**Data:**

========================================

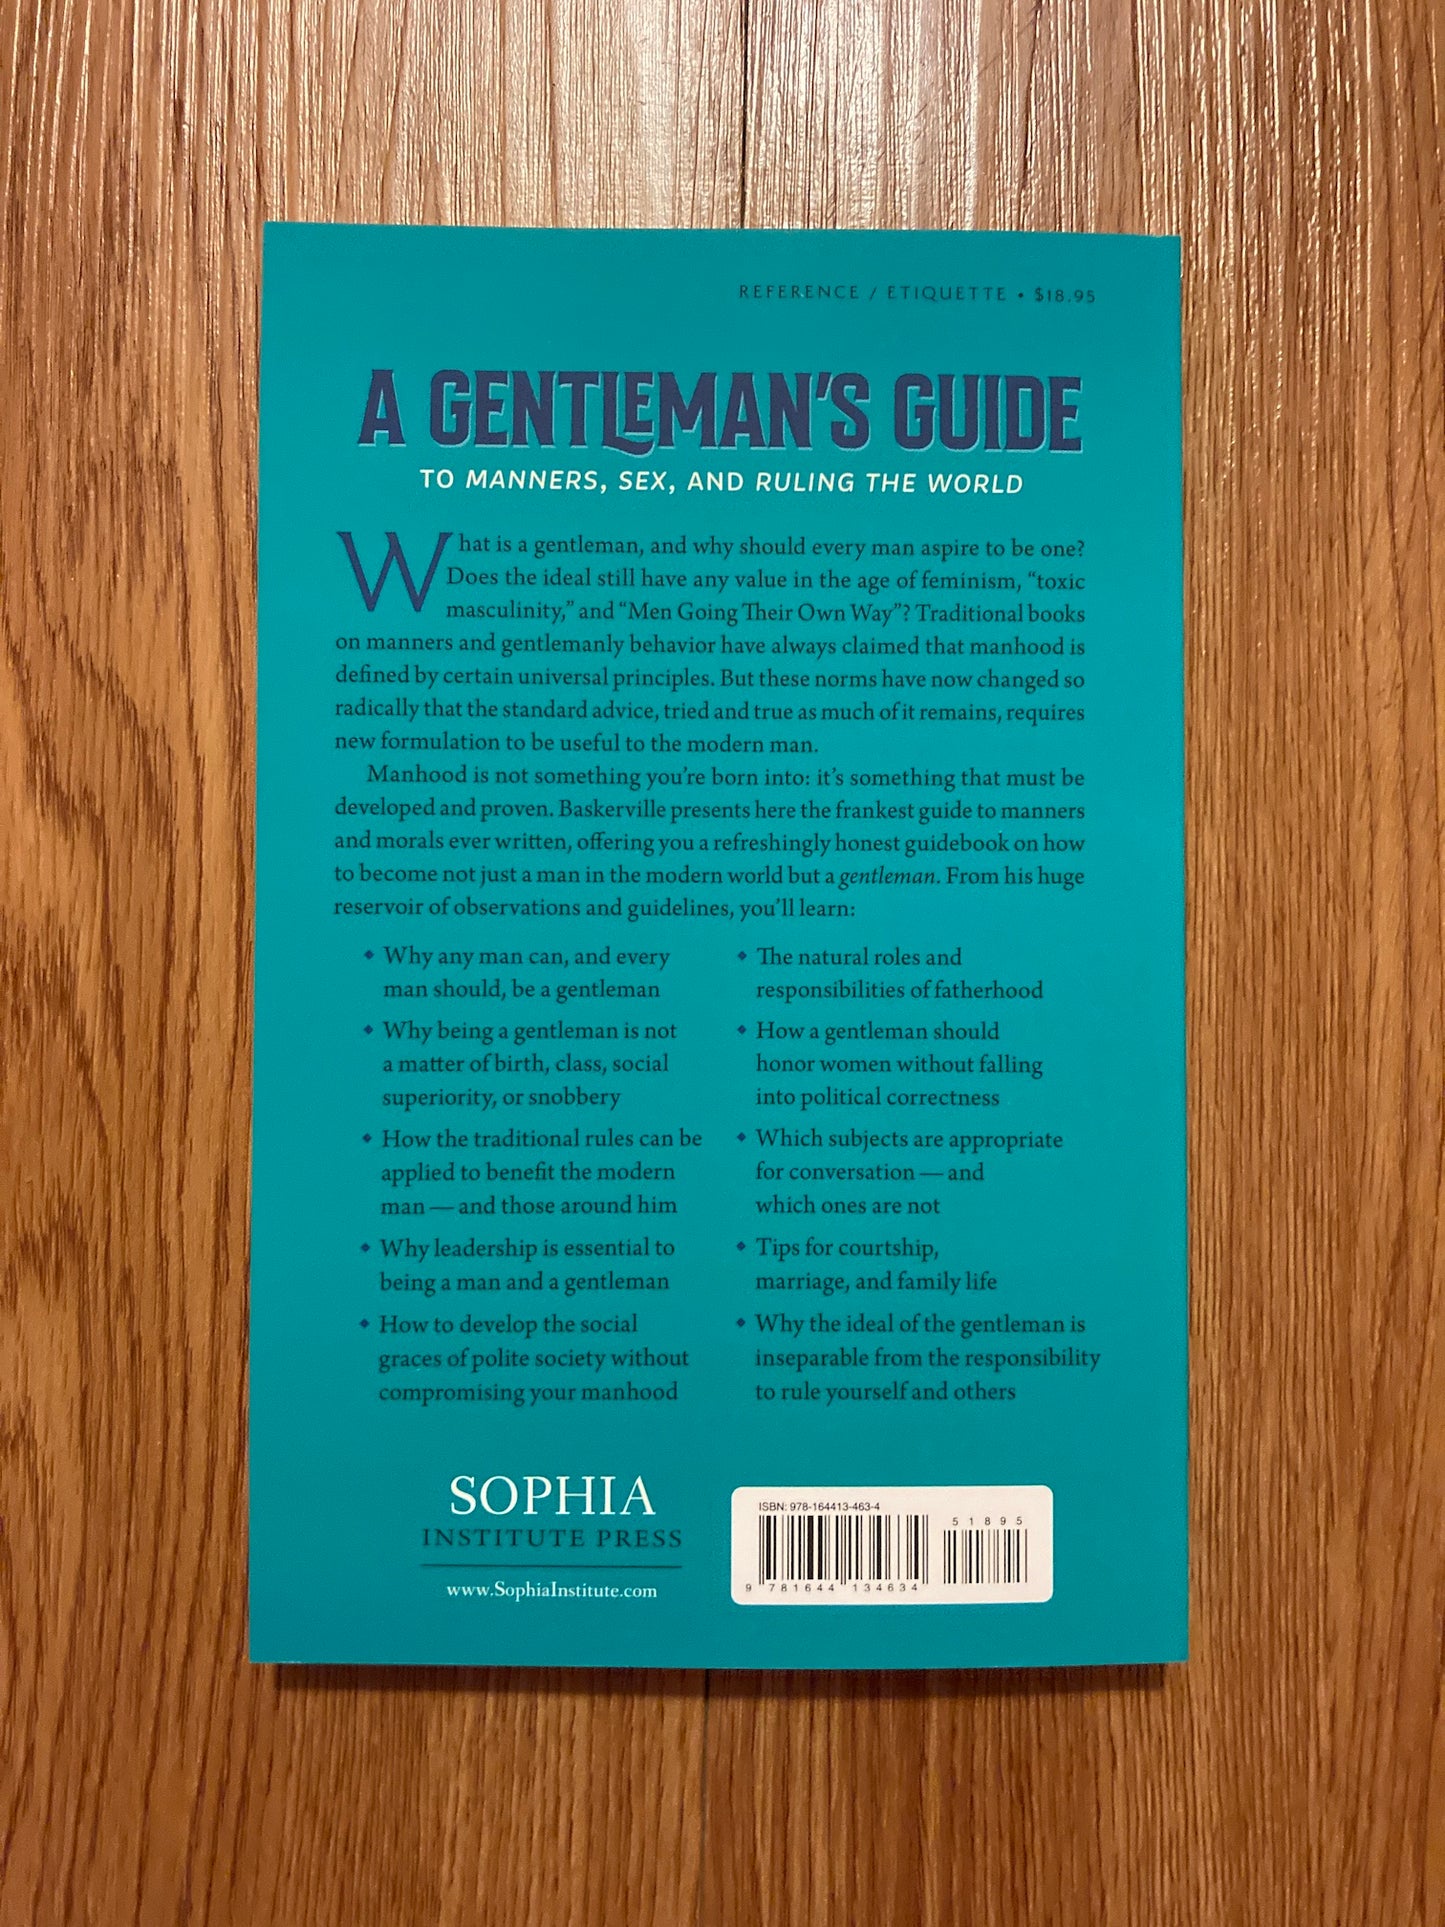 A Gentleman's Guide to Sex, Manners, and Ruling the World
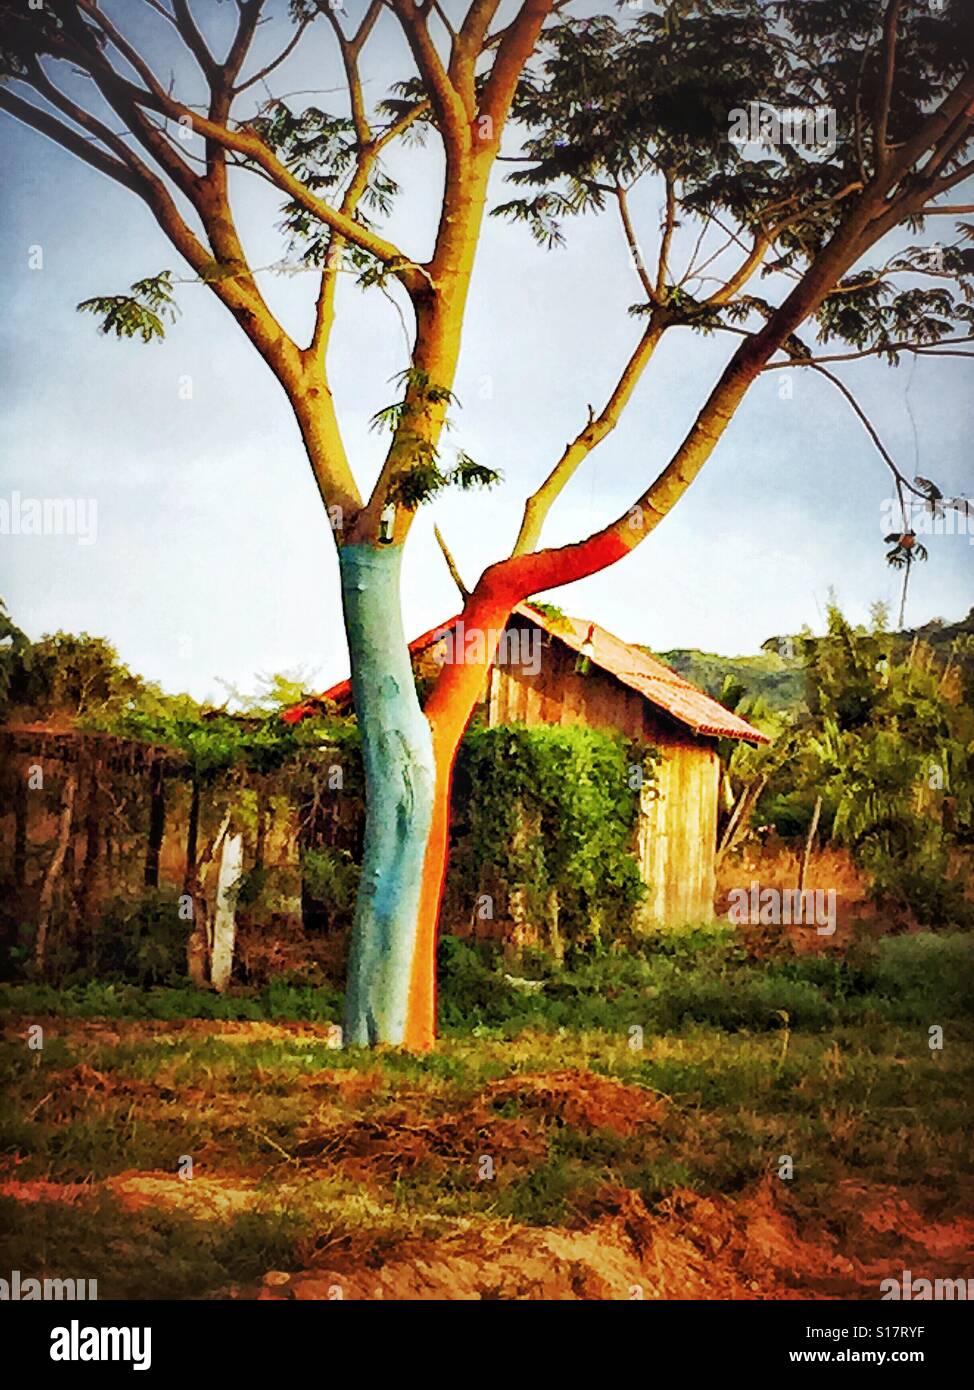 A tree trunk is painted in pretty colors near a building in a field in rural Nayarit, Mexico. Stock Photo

========================================

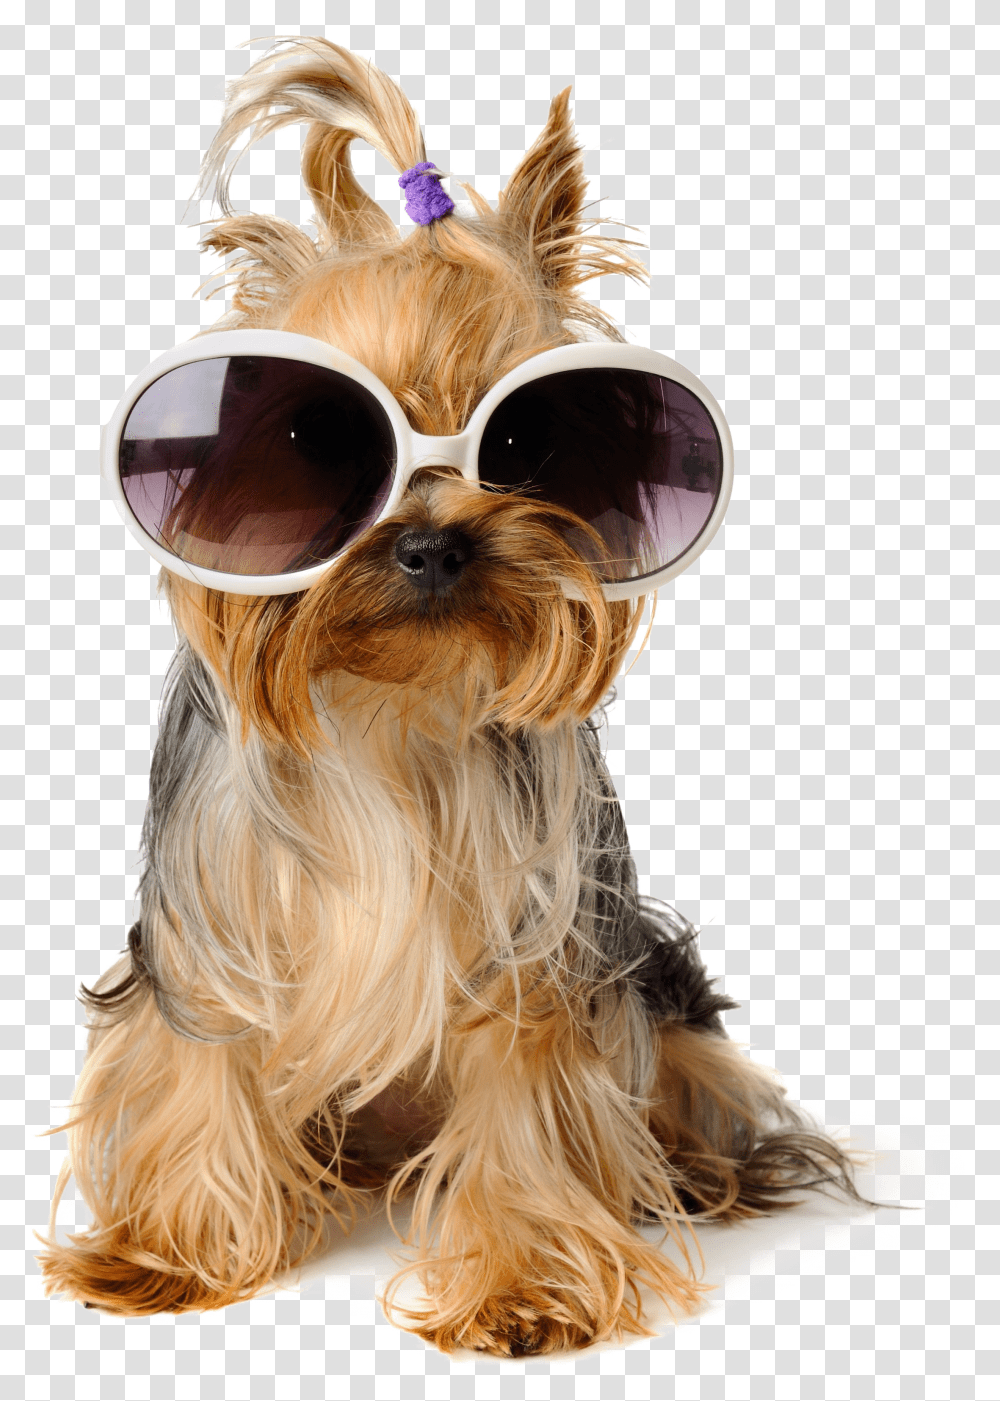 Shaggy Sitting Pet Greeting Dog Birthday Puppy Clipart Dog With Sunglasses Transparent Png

========================================

**About this task:**
Above are the records; return the lines in them from the one with "A Gentleman's Guide" to the one with "A tree trunk", inclusive, exactly and without images.

**Result of this exercise:**
 A Gentleman's Guide to Sex, Manners, and Ruling the World
 A tree trunk is painted in pretty colors near a building in a field in rural Nayarit, Mexico. Stock Photo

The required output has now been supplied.